Contacts are another plus. “If you’ve been quite successful in something else, you can pick up the phone and arrange things for the kids: speakers, work experience.”

On the question of whether career switchers could improve leadership, Kellaway stresses that her recruits will not be lecturing experienced teachers on how to do their jobs.

“We’re being very, very clear that if anybody thinks that they can march into school on day one and say ‘oh, this isn’t being very well run’, then they’ve just got another thing coming.

“But equally, anybody who has earned the respect of the other teachers by learning how to be a teacher themselves…their additional leadership [skills] could be very significant in some of the schools.”

The barrier of teacher pay

As far as potential barriers to the success of Now Teach are concerned, she accepts that first-year teacher salaries could be too low for some experienced professionals used to more generous pay packets.

But the journalist argues that her generation could be insulated from the impact by their property ownership.

“It’s my feeling that the late-stage career changers may be better placed to take a very large pay cut than the early mid-career changers, because my generation got into housing when that was affordable.”

As to whether Now Teach is a good use of resources - given that many of the career changers will be approaching retirement age and might not be in the profession for very long - Kellaway is bullish.

She argues that teachers are already getting “very burned out” and leaving the profession early and young. Her generation will be able to “at least match the average” career duration for teaching, she claims.

“I understand that the average length of time that anybody spends in the teaching profession is only five years. I’m going to be 58 when I start - that takes me up to 63 and I’ll already be matching the average.”

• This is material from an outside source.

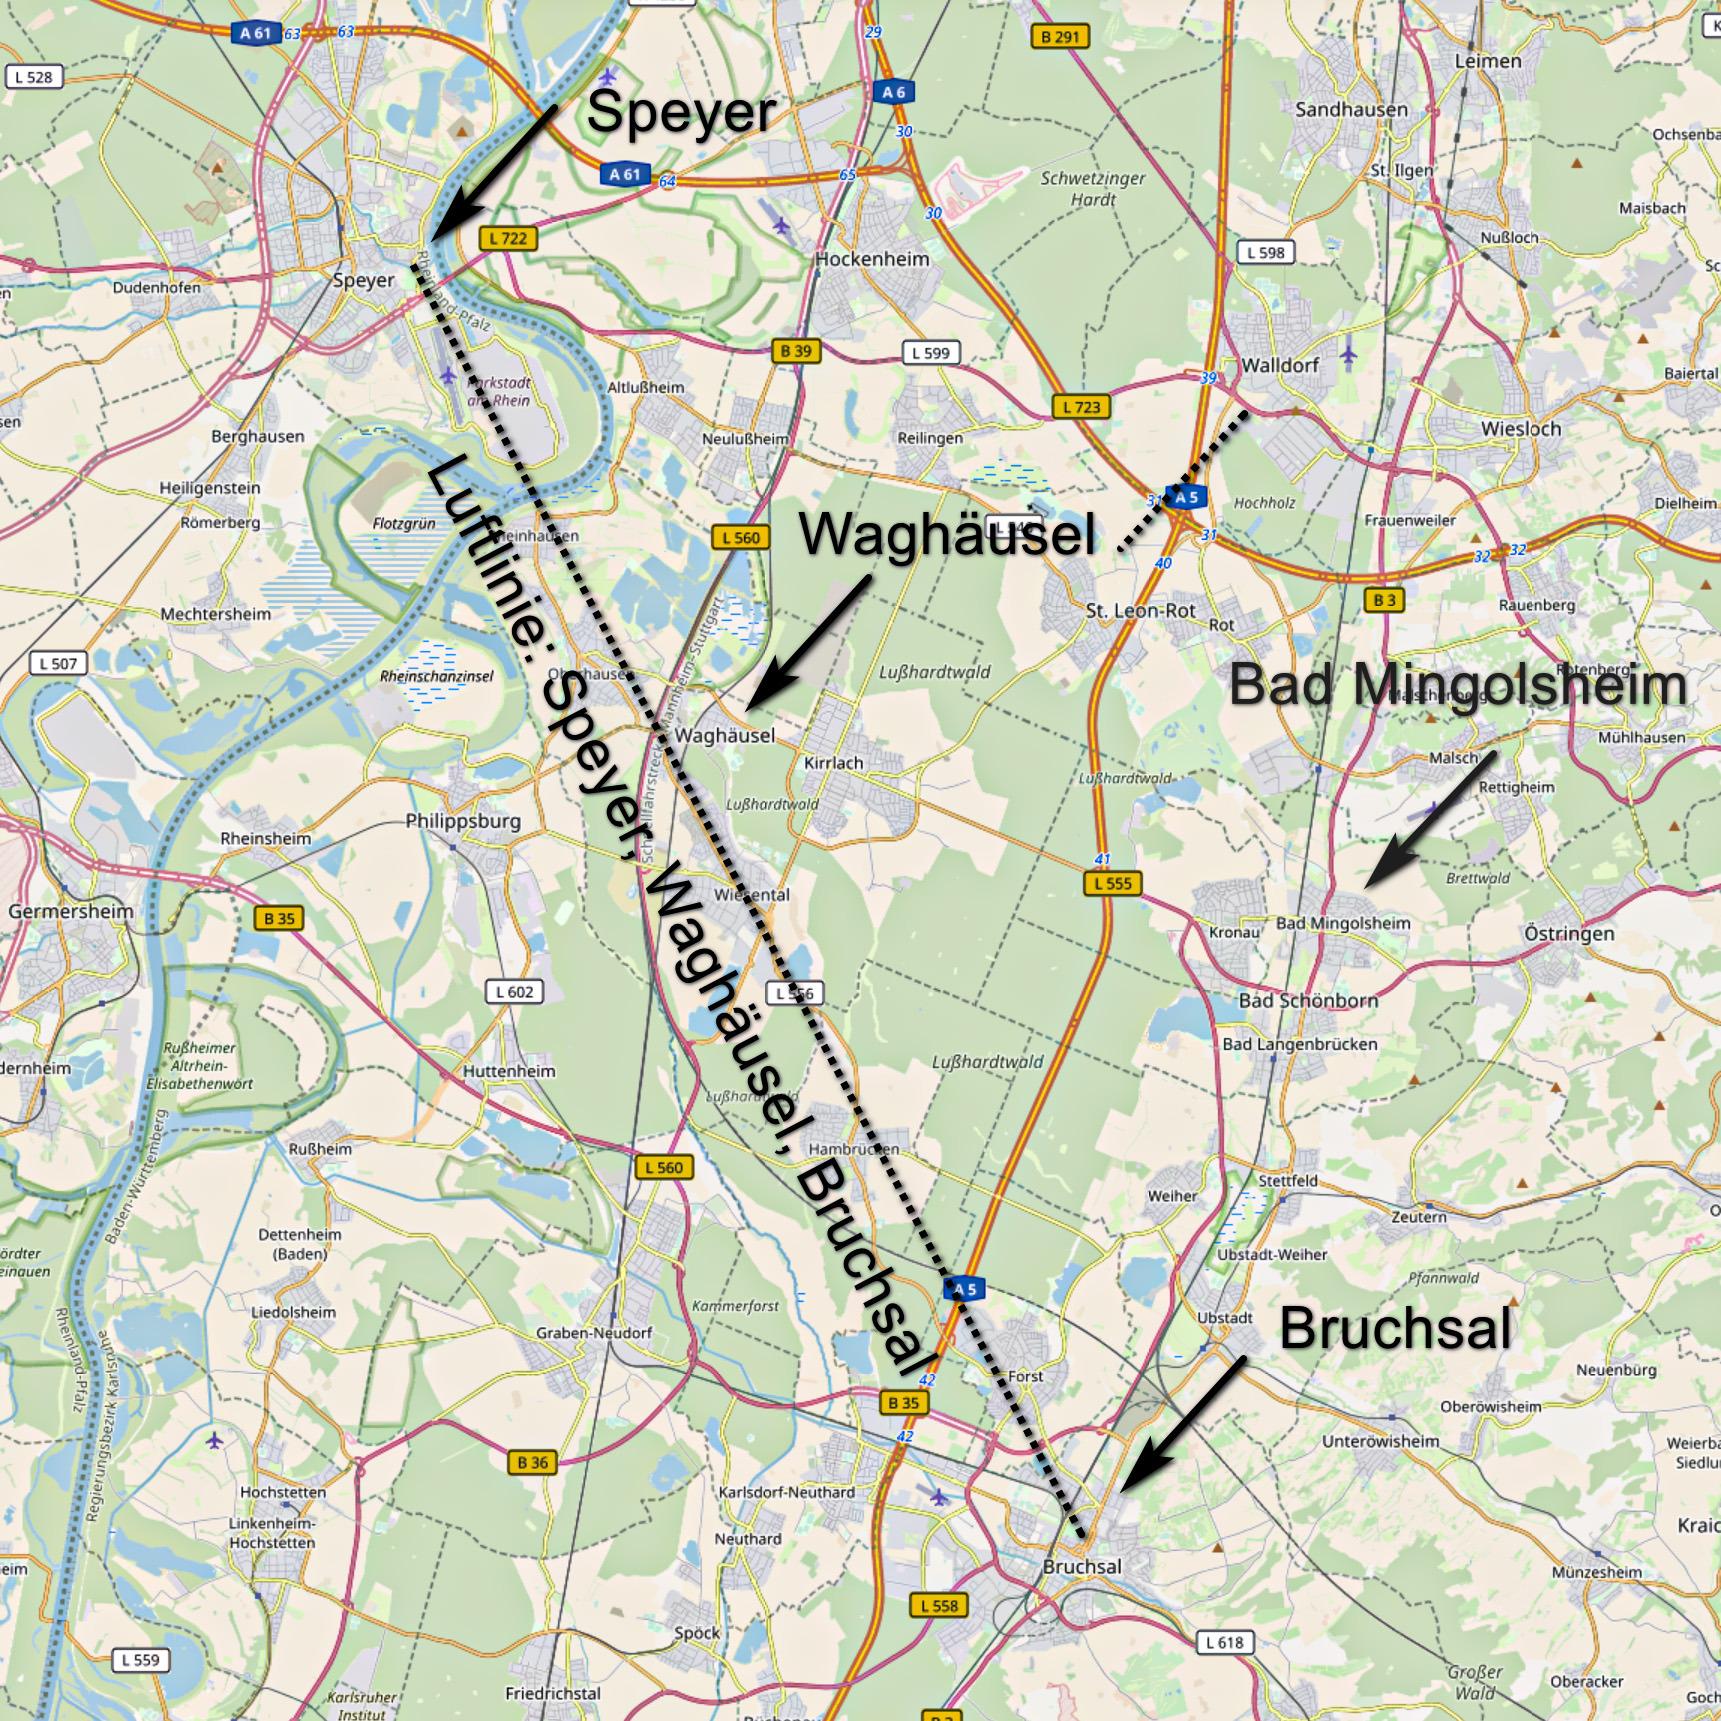 Karte mit den Orten Speyer, Waghäusel und Bruchsal sowie deren Verbindungslinie (Karte: © OpenStreetMap-Mitwirkende; Lizenz: Namensnennung - Weitergabe unter gleichen Bedingungen 2.0 Generic (CC BY-SA 2.0); siehe: www.openstreetmap.org/copyright)

Asked whether she’s ready for what awaits her in the classroom, Kellaway admits “I don’t think you’re ever fully prepared”.

However, she thinks that those who are coming to the end of their careers have often acquired a certain resilience.

“There are different sorts of stresses that we have learned to deal with. I’m not saying that they’re worse than being a teacher - they’re different.

“But I think that we have a sort of resilience that comes with age - at least, I’m hoping that’s true because I’ll certainly need it.”